Phenergan, among other uses, is a medication used to prevent and control nausea and vomiting. Available at www.medlineplus.gov (last visited November 7, 2023). Clonidine is a medication used to treat high blood pressure. Id.
Crenshaw returned to Staton's health care unit at 4:20 a.m. on September 19, 2020, via stretcher for his complaints of left-sided weakness and numbness in his left arm. Doc. No. 17-1 at 5; Doc. No. 17-3 at 7. Crenshaw's body chart, signed by Ellis, noted that Crenshaw's skin was warm and dry (“W/D”) to the touch and that he had been seen earlier in the morning for nausea and vomiting (“N/V”). Doc. No. 17-3 at 7. The nursing progress notes, which contain Ellis's signature, noted Crenshaw's complaints of left-sided weakness, left arm numbness, dizziness since 12:30 a.m., and nausea. Doc. No. 17-3 at 8. Objectively, Ellis noted Crenshaw had a decreased pulse rate, left side numbness, and an abnormal EKG. Id. Dr. Barret was notified at 4:25 a.m. of Crenshaw's symptoms and complaints. Id. Dr. Barrett then ordered that Crenshaw be sent to the emergency room at Jackson Hospital for evaluation. Doc. No. 17-1 at 5; Doc. No. 17-3 at 8-9.
Medical records from Jackson Hospital reflect, in part, that Crenshaw arrived from Staton following complaints of left-sided numbness starting on or around 6:00 p.m. on September 18, 2020, which was associated with left chest tightness and “2 episodes” of nausea. Doc. No. 17-3 at 11. In the emergency room, Crenshaw was found to be hemodynamically stable, afebrile, and CTs of his head and abdominal pelvis and a chest x-ray were negative as was other lab work. Id. The hospital course records further indicate:
EKG shows sinus bradycardia as low as 37. [R]eview of the history, he has symptomatic sinus bradycardia back to 2018, at the time he was suggest[ed] to get outpatient stress test and also event monitor - unclear if he got or not. [H]e got radiation therapy and chemotherapy for nasopharyngeal cancer, follow up with Dr. Christon cancer center, last treatment was 7 years ago. [H]e recent[ly] also f[oun]d [he] has some thyroid nodules, had FNA, cytology shows Atypia of undetermined significance (Bethesda category 3). [H]e denies any fever chills, no diarrhea, no abdominal pain, no weight loss, no sick contacts. I was asked to admit patient and treat expectantly. [H]e does feel dizzy occasionally especially as he is standing up, no syncope or collapse. [H]e denies any history of CAD or stress test. [H]e states nonsmoker.
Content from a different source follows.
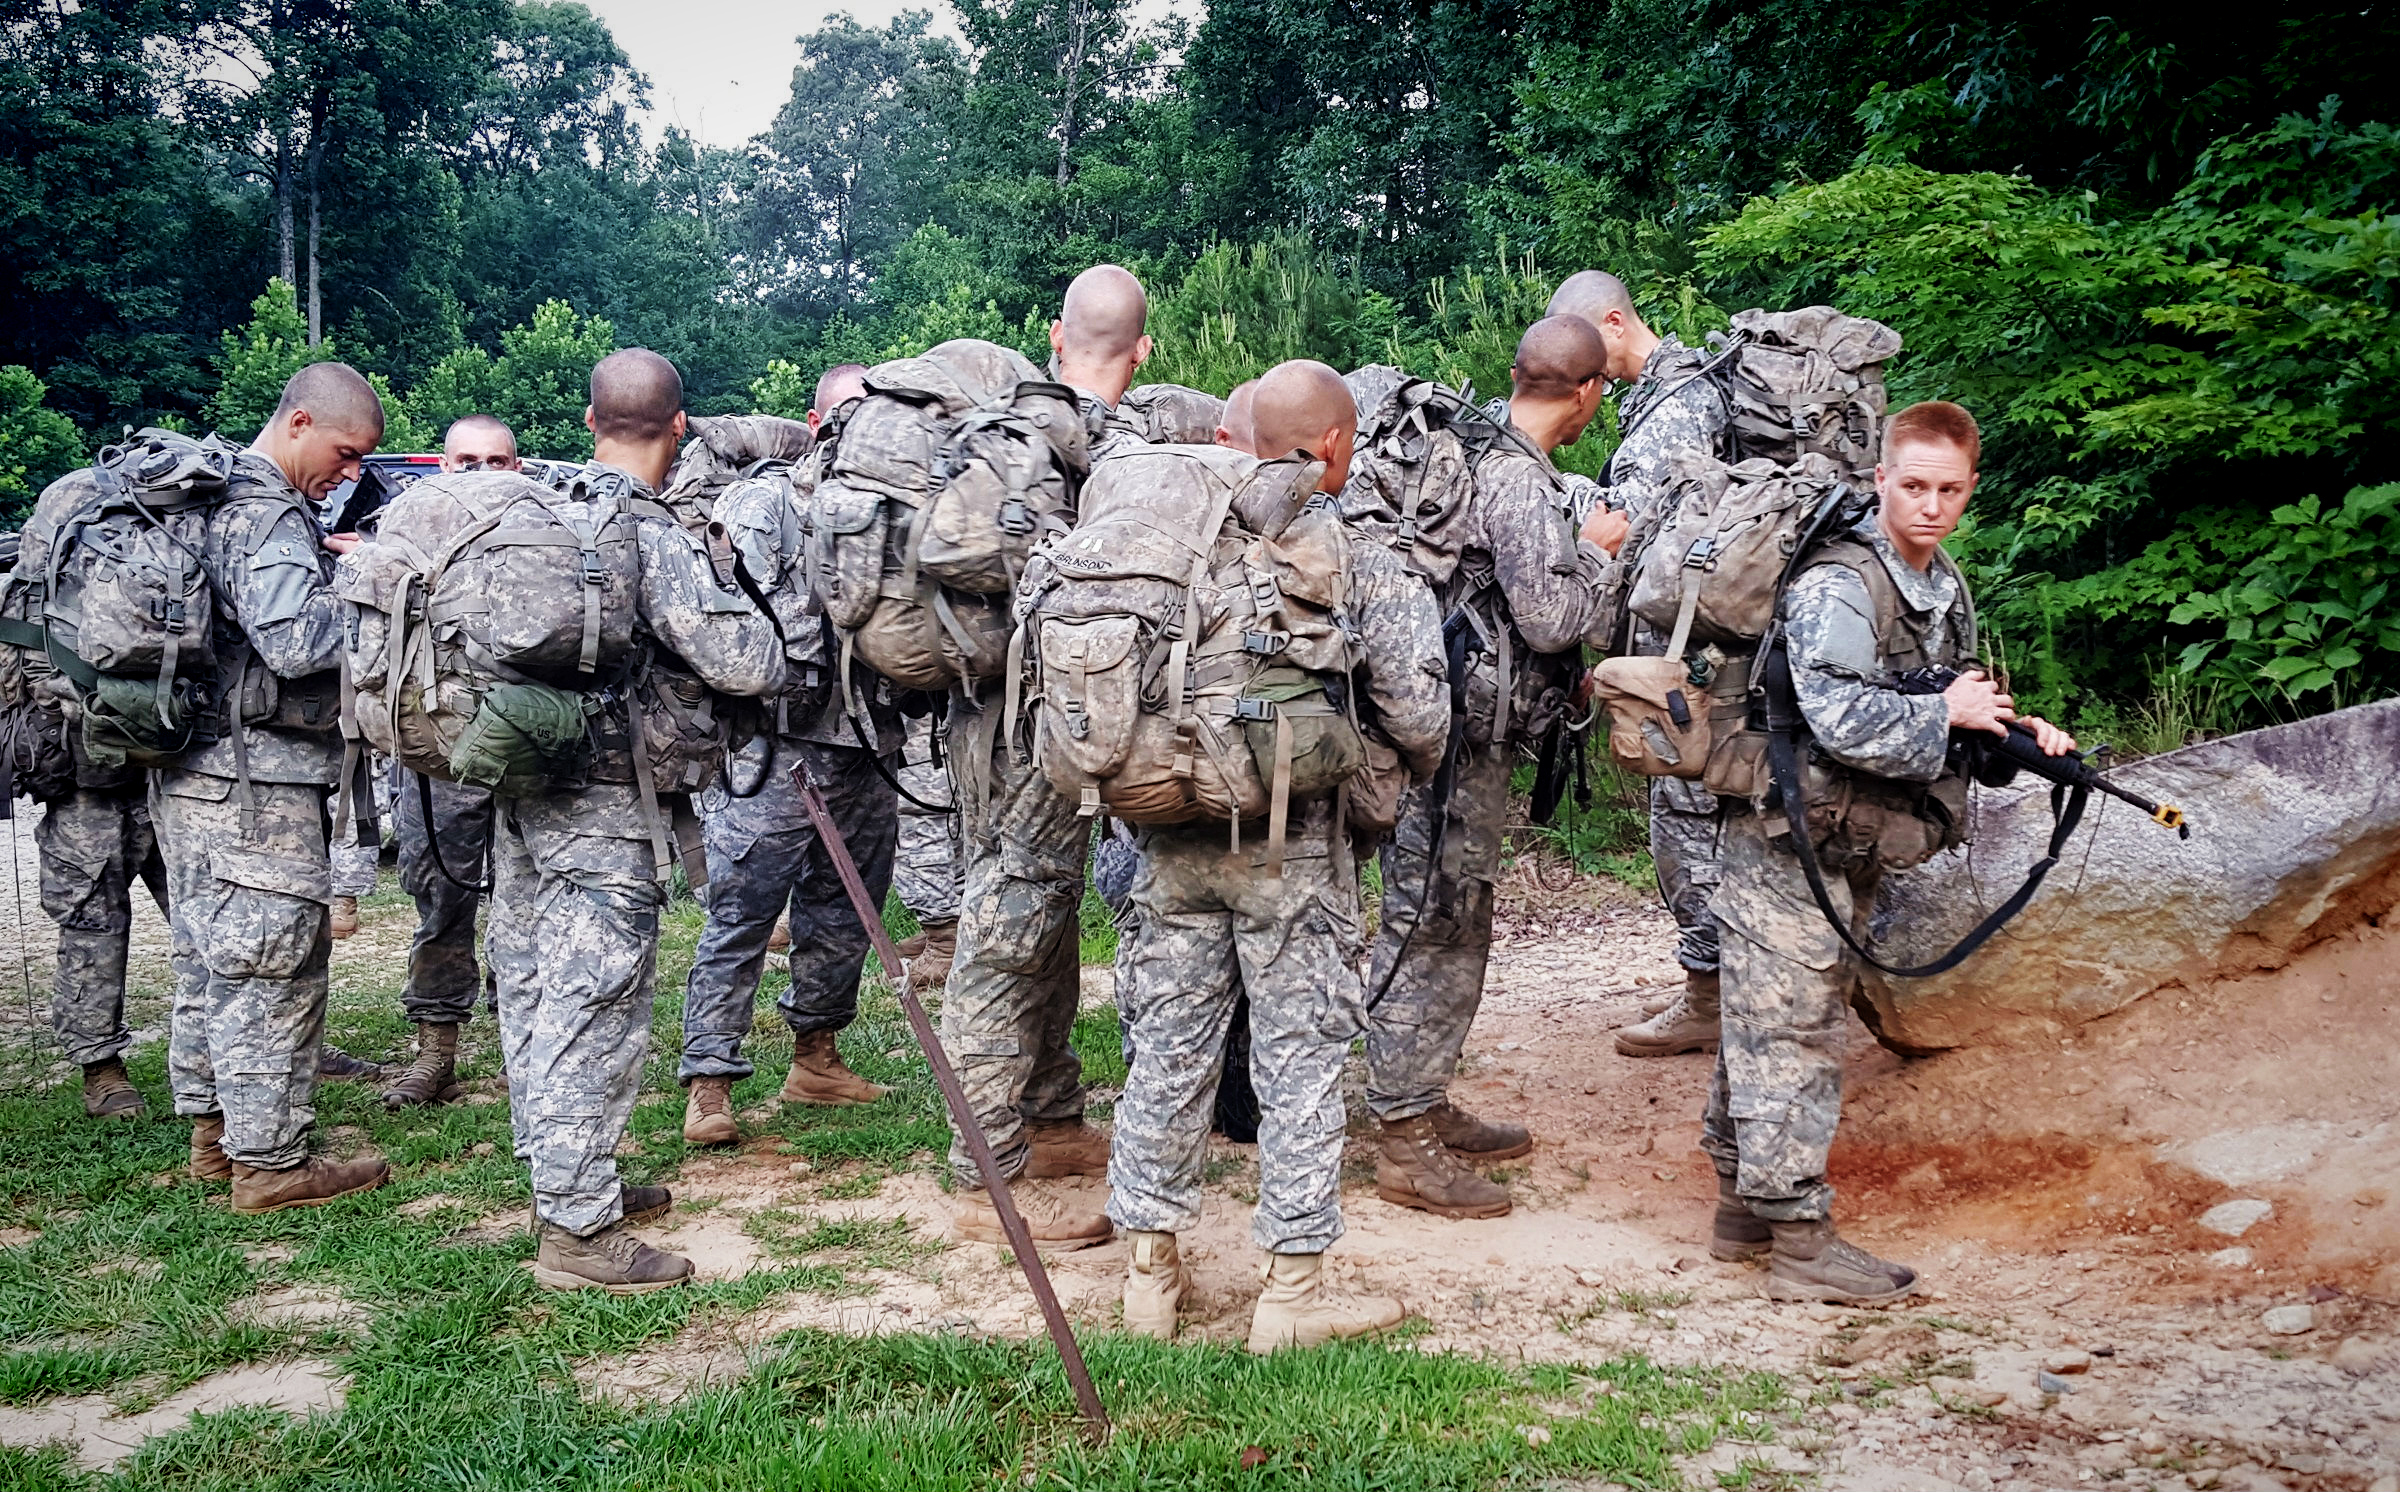 Ranger students, including one of the first women ever to take the Ranger School course, wait to ascend Mount Yonah in northern Georgias  on Tuesday, July 14, 2015 as part of the school's Mountain Phase. (Dan Lamothe—The Washington Post/Getty Images)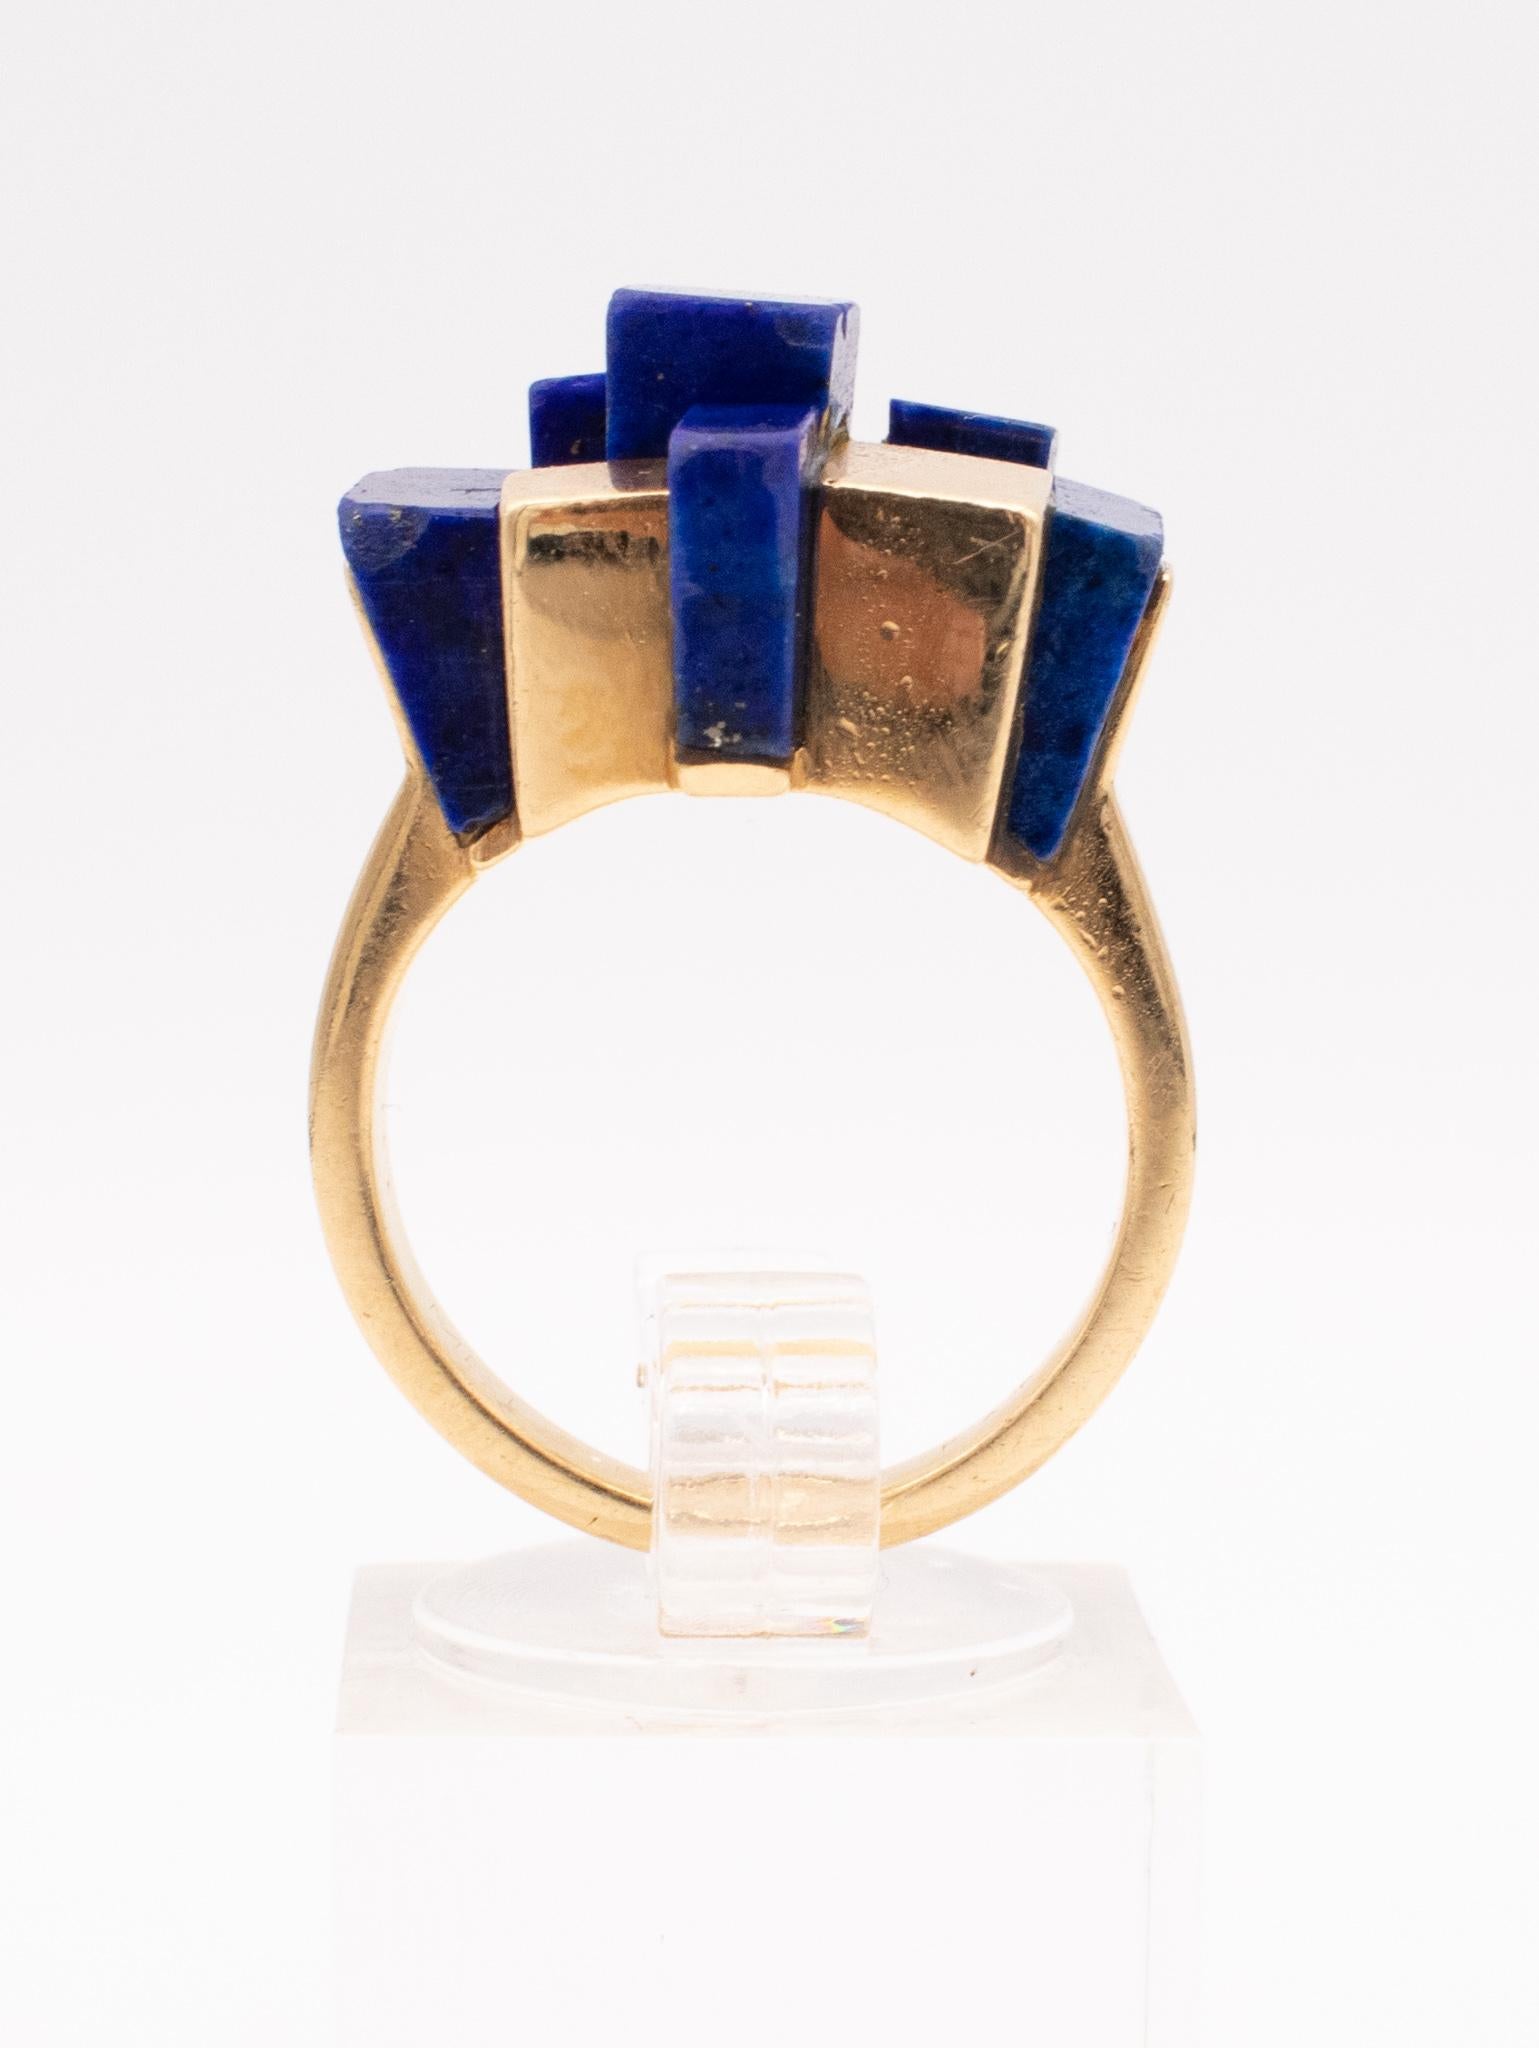 Mellerio 1970 Paris Rare Geometric 18Kt Yellow Gold Ring With Carved Lapis Lazul 2

Patient admitted hospitalist group for further management, troponin 3 times negative, acute coronary syndrome has been ruled out. Patient was evaluated by cardiologist, recommend stress test, which was done in-hospital[,] negative for ischemia. Patient was monitored in-hospital, bradycardia resolved after admission. Upon admission, patient complain[ed] of left-sided numbness, not much weakness[.] [W]e had a CT head which is negative for acute CVA, will repeat CT head again 2nd day also negative for CVA. However, throughout hospitalization, patient has progressively left-sided weakness[.] [R]epeat CT head the third time also negative. Patient cannot get MRI brain due to “bullet in the body.” We consult tele-neurologist -recommended CT audiogram head and neck also CT cervical spine - all negative for acute changes. We do not have a neurologist in-house. I tried transfer the patient to UAB Medical Center - on diversion. Patient refused to leave the hospital because left-sided weakness. I discussed with Dr. Rahming physician from correctional facility[.] [T]his is possible malingering and also he will arrange physical therapy and neurologist follow-up outpatient. Patient stable discharged back to correctional facility. Patient received Holter monitor prior to discharge from Dr. (IKE'S) office.Id.
Crenshaw's discharge diagnosis from Jackson Hospital indicated:
Discharge diagnosis - stroke-like symptoms, left-sided numbness, suddenonset. CT head x3 negative.
Secondary diagnosis - progressive left-sided weakness, ? possible malingering.
- nausea vomiting.
- sinus bradycardia / near syncope.
- thyroid nodules
- uncontrolled hypertension
- hypokalemia, hypomagnesemia
- history of nasopharyngeal carcinoma status post radiation therapy and chemotherapy 7 years ago.Id. at 14.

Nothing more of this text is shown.